Porém, o maior problema mora em seus antagonistas que infelizmente são rasos. O Ministro da Devolução e Isabel (Adriana Esteves), que é a responsável por um dos núcleos de devolução são muito caricatos. Talvez seja o propósito da obra retratar como nossos governantes são, entretanto, Dona Izildinha (Renata Sorrah) faz uma clássica “cidadã de bem” que é perfeitamente crível.
Mas também há pessoas brancas como Sarah (Mariana Xavier), namorada de André, e seu vizinho Kaito (Paulo Chun), que veem toda aquela situação como um completo absurdo. Porém, em determinado momento na história, um vídeo torna Antônio um símbolo de resistência pacífica. Não quero dizer que o longa não fosse todo sobre resistência, é que vemos o caminho e a mensagem do diretor mais evidente: o diálogo pela união e paz.
Na abertura do terceiro ato, um acontecimento espelhado acontece. O longa se torna mais teatral, mas a mensagem é: sem diálogo, somos apenas o espelho uns dos outros. Por mais funcional que seja quando tento pensar nesse segmento do longa, apesar do funcionamento narrativo, parece-me dúbio pois em toda a história do Brasil a relação negro e branco nunca foi espelhada e sim o contrário, que é evidenciado pelo longa na maior parte do tempo.
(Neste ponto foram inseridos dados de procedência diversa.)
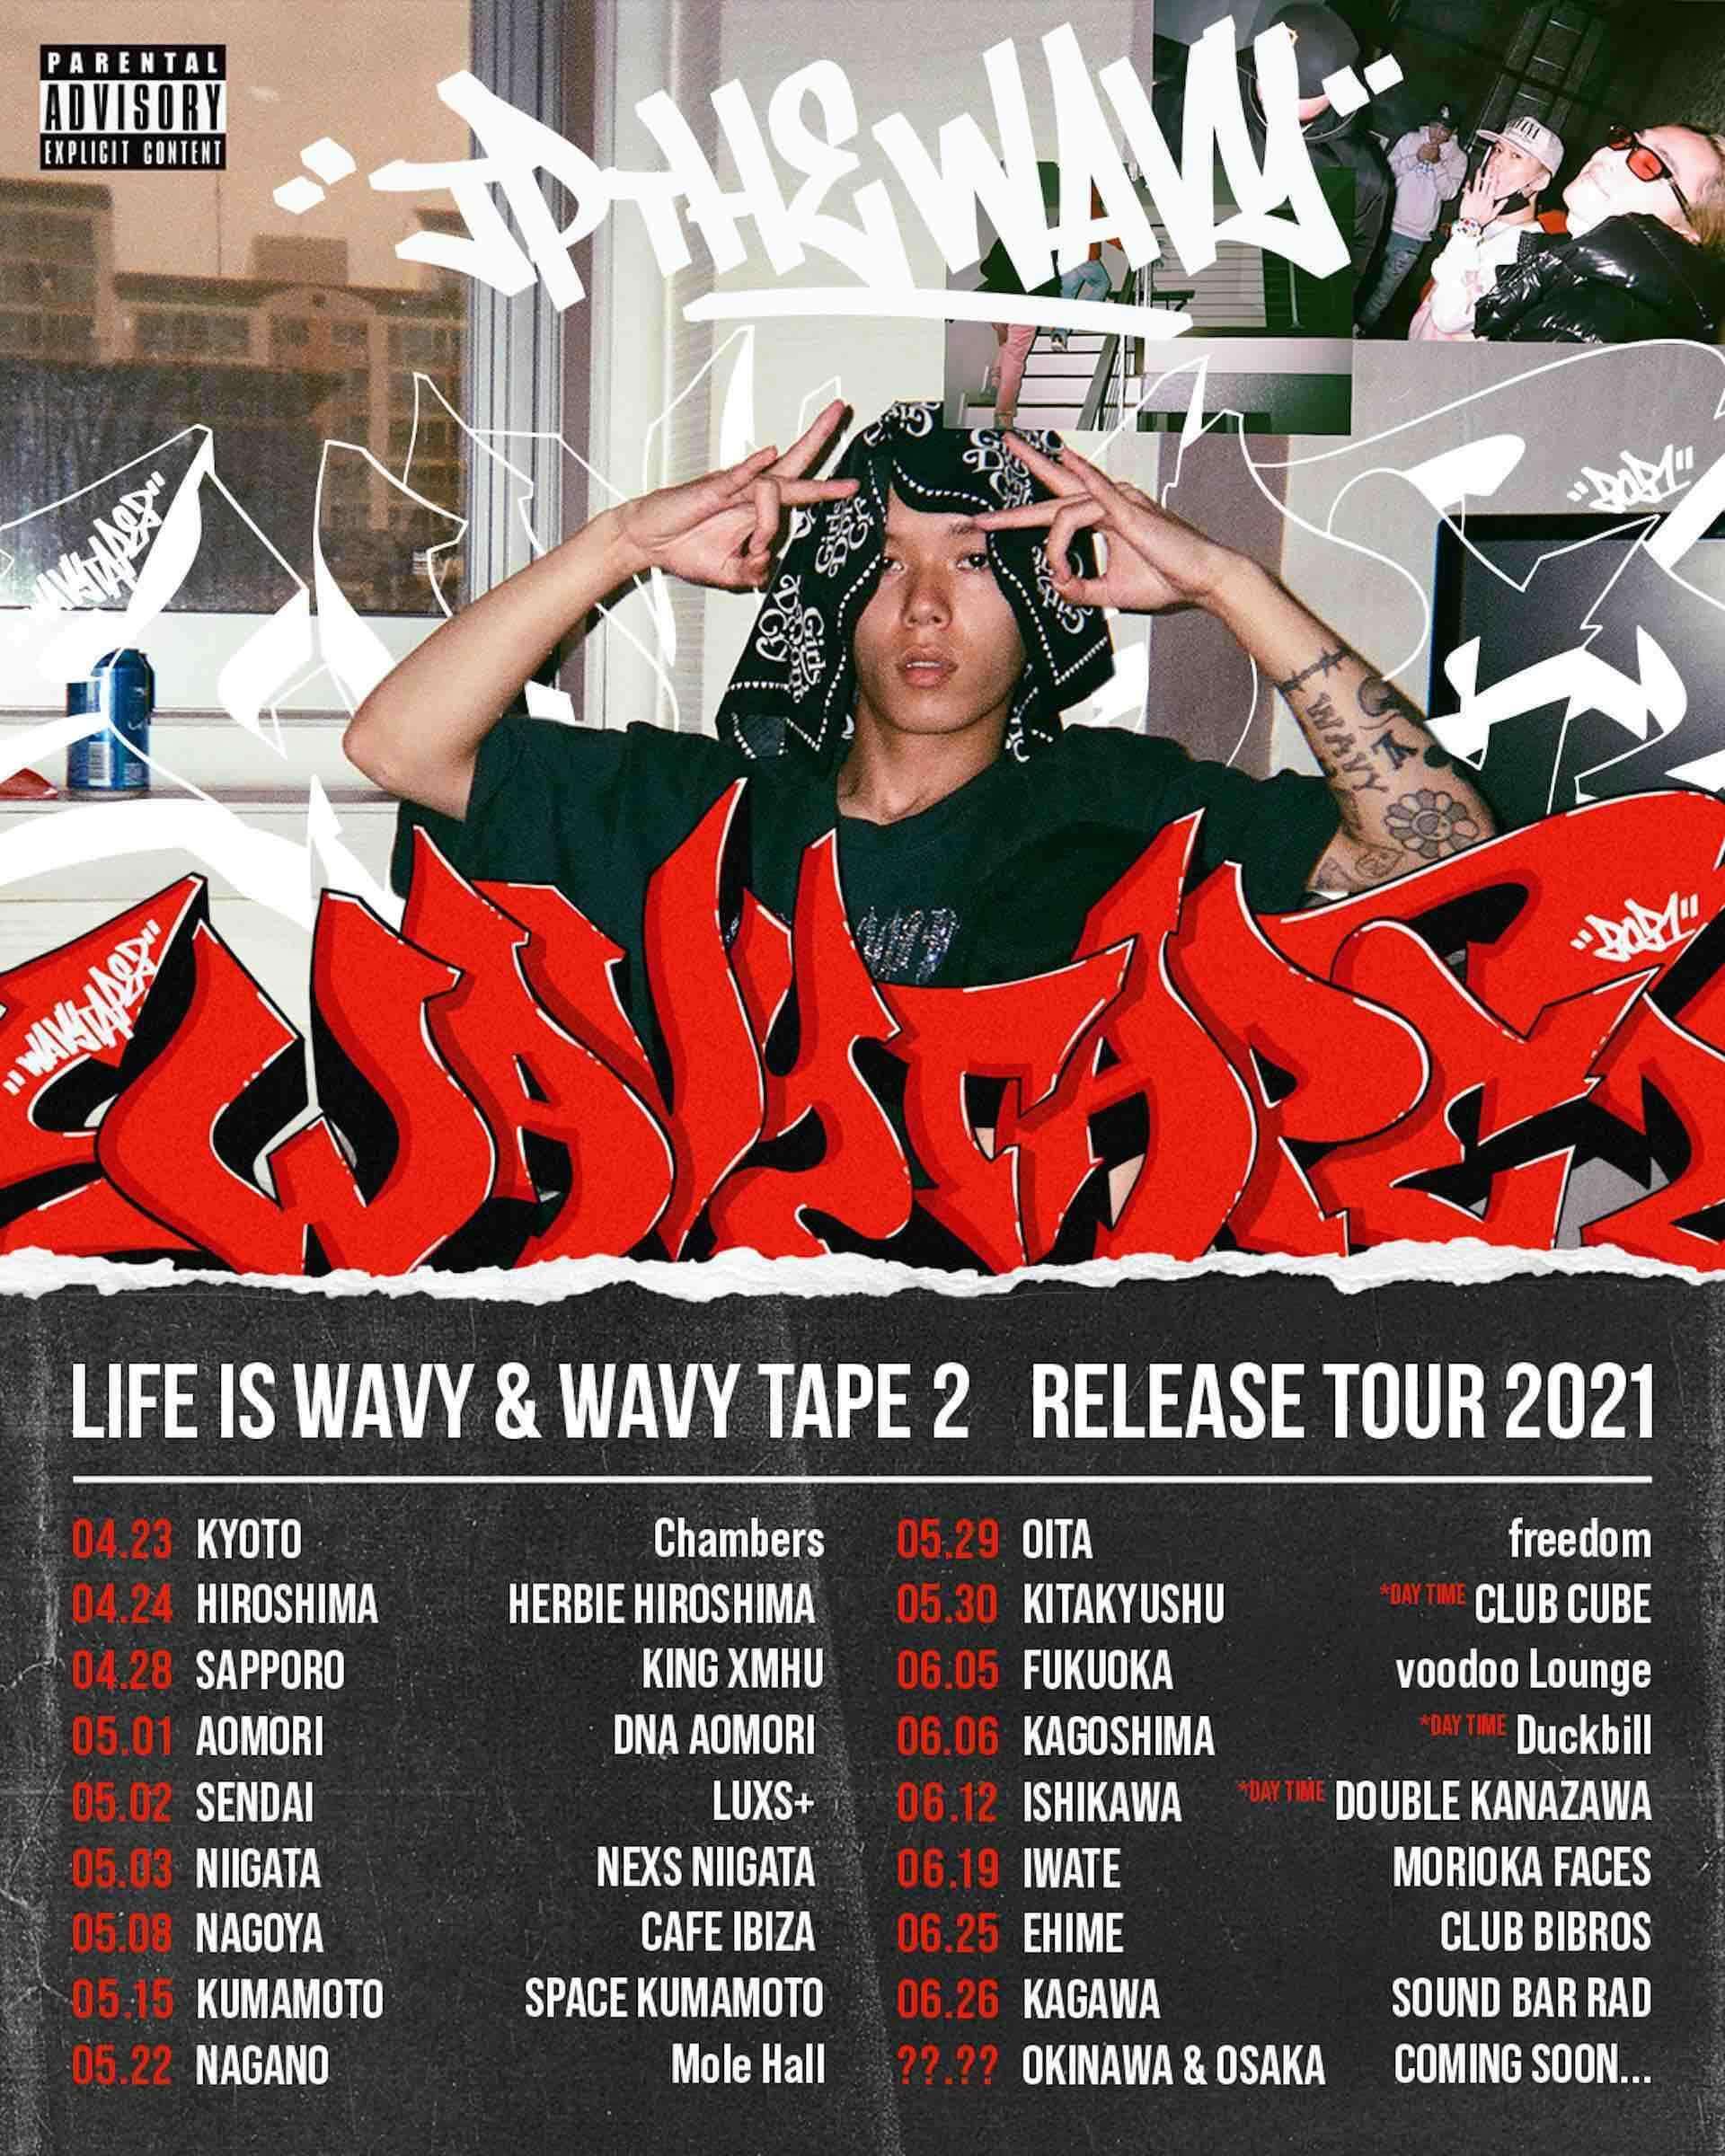 JP THE WAVYがLEX、vividboooyらを迎えた最新EP『WAVY TAPE 2』をリリース!クラブツアーも開催決定 music210331_jpthewavy_3-1920x2400

A conclusão nasce de um grito entalado na garganta por toda a história negra no país. Mas ao invés da catarse, o longa vai de encontro em uma resolução mais positiva, o que contrasta até um pouco com ele como um todo.
Medida Provisória é um filme extremamente pertinente e criativo. Uma distopia aterrorizante e que nos faz refletir muito sobre o racismo estrutural que nosso país convive há séculos. A estreia de Lázaro Ramos na direção é positiva, apesar dos deslizes. E com certeza o longa poderá se tornar um novo clássico do nosso cinema.